IHS CERA chairman Daniel Yergin, whose expertise about all things energy has made him a go-to authority, said Tuesday the world’s energy supply and demand picture is less clear today than it was a year ago.

Yergin was keynote speaker at the World Energy Council’s Houston Business Forum. His recently published book The Quest is a follow up to The Prize, the 1992 Pulitzer Prize-winning nonfiction bestseller about the quest for oil and gas.

“I finished The Prize a few days after Saddam Hussein invaded Kuwait. That was in the age of oil, two decades ago. A great deal has happened since then.” Like unconventional natural gas, for instance. “Shale gas, nobody talked about it then. It was called ‘uneconomic gas,’ and nobody thought it was ever going to be produced.”

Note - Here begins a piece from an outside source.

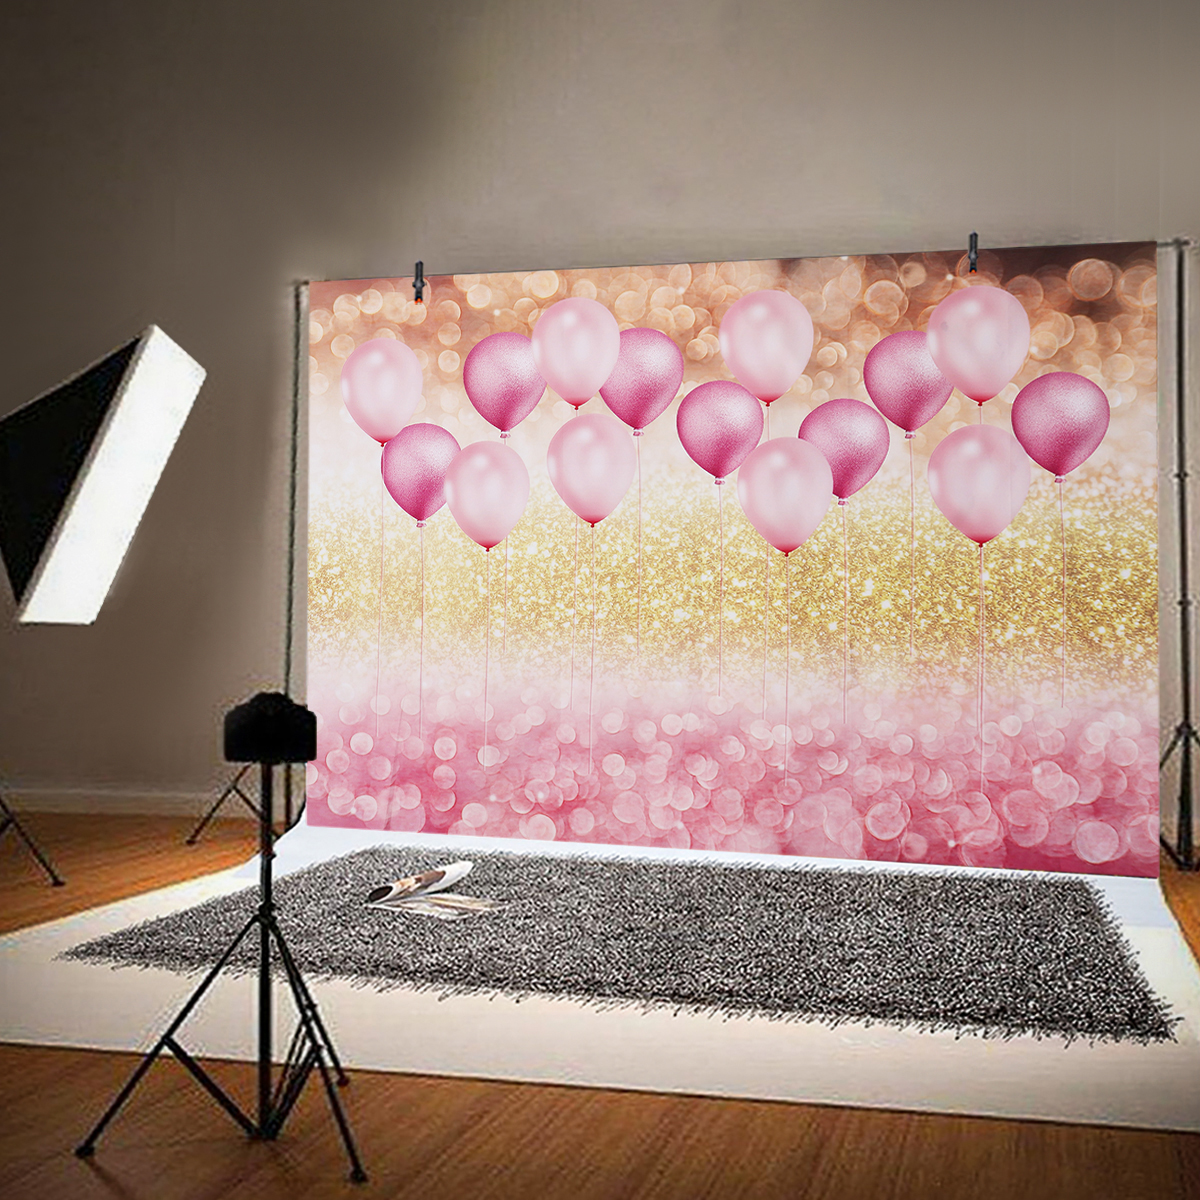 Little-Baby-Birthday-Party-Theme-Backdrops-Photography-Photo-Booth-Studio-Background-Party-Home-Deco-1748939-9

Shale gas production constituted about 2% of total North American output in 2000. “Today it’s now probably over 30%…We’re not importing any substantial liquefied natural gas…Shale is changing the whole energy economics. And it’s having political consequences.”

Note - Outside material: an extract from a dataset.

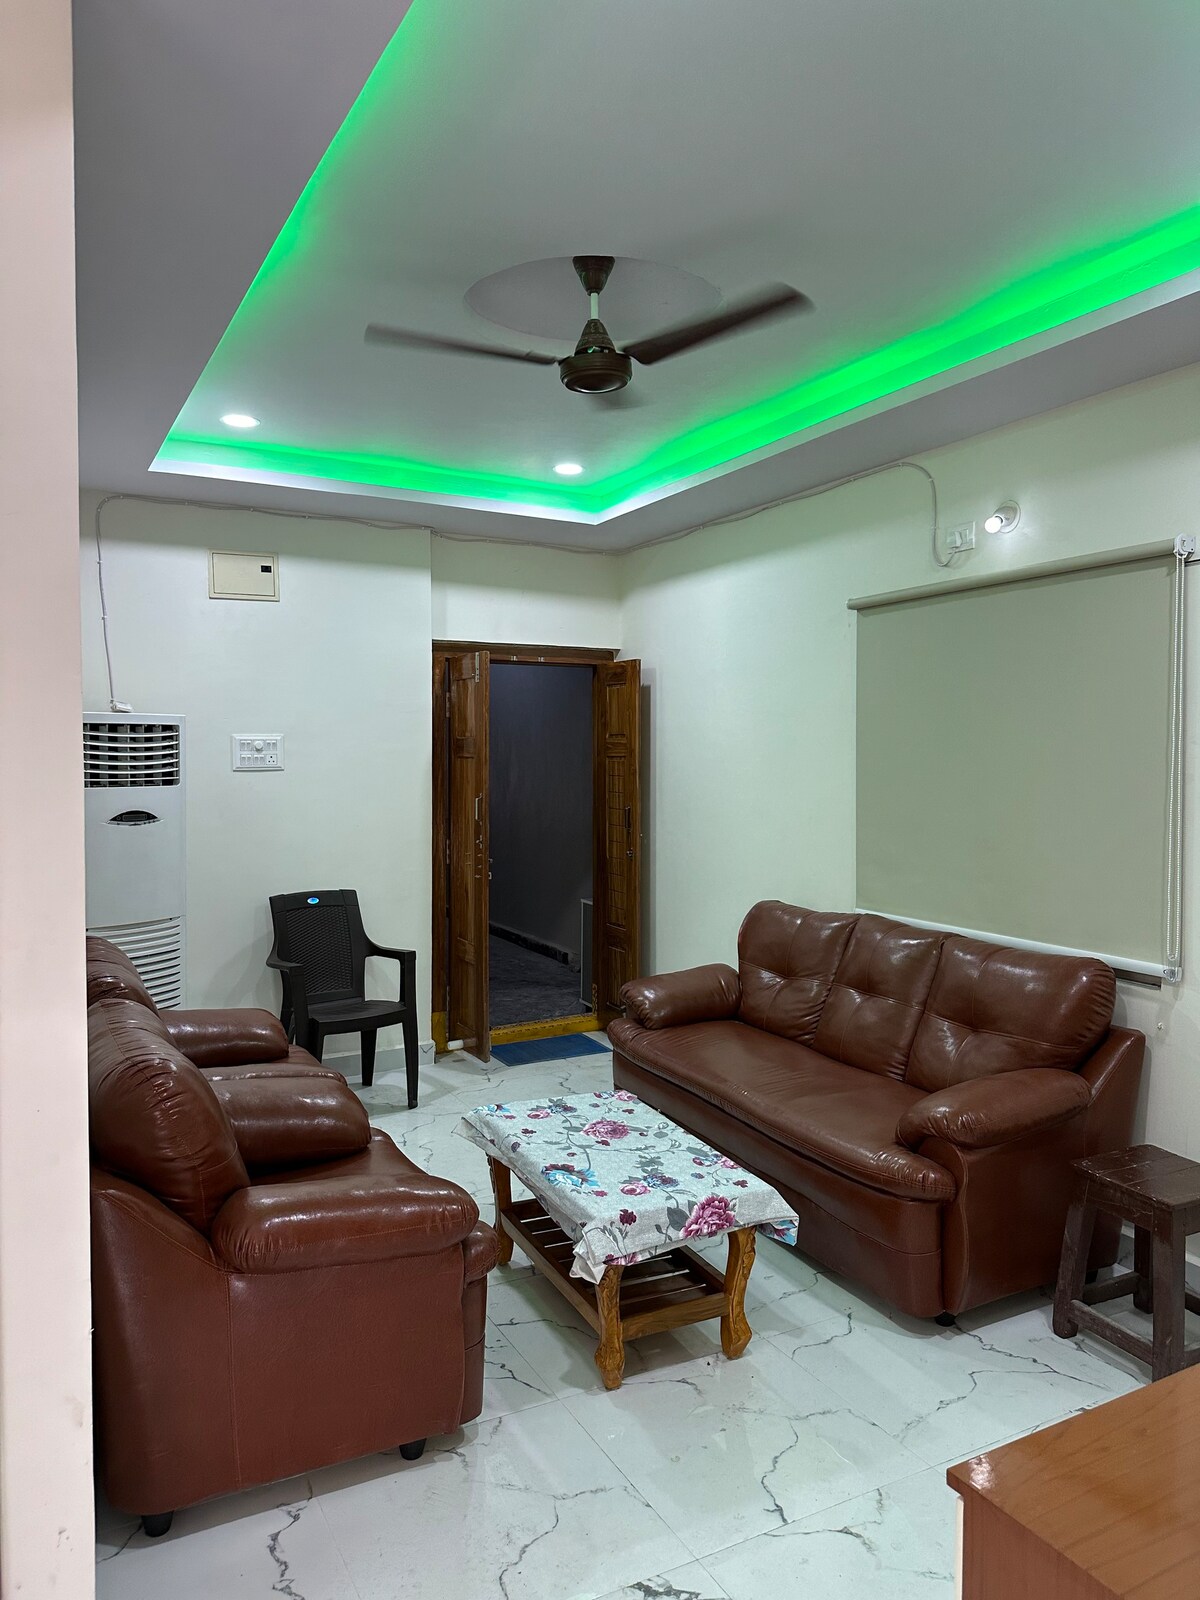 Welcome to our cozy flat
its a 2bhk each of 2flats

Shale’s success isn’t confined to gas. In the United States shale oil “is the hottest story right now. The application of shale gas techniques to oil is why North Dakota is today the fourth largest oil producing state. Indubitably it’s because of shale,” he said.

“To give you a sense of what’s happening, [U.S.] tight oil production in 2000 was 200,000 b/d. Today it’s 900,000 b/d. It could be 29 million b/d by 2020. There will be declines elsewhere and question marks about the offshore. But when you add it all up, you come to the conclusion that the balance is shifting on world oil.”

The United States won’t see a “100% shift and not 75% but it will be significant…[LNG] imports will be much lower than they currently are.”

Politics also are playing a big role in how quickly shale oil and gas can be produced in the United States, Yergin said. Earlier this year he was appointed by Energy Secretary Steven Chu to serve on the Secretary of Energy Advisory board Natural Gas Subcommittee to make recommendations about shale and hydraulic fracturing (fracking); the preliminary report was issued in August (see Shale Daily, May 9).

“We looked at it and…we found most problems are most unlikely,” he said. “The issues are produced water and how to manage it. That is an industrial activity that has to be managed properly…The issues with diesel machines, methane are greatly overstated.”

Questions still need to be answered “about what’s true or not.” A final report from the panel is expected in about two weeks, he told the audience.

IHS CERA “sees some countries moving ahead quickly” on shale prospects, but it’s a mixed picture globally. Argentina, Poland and Ukraine are among those countries pursuing projects. France, however, has banned fracking.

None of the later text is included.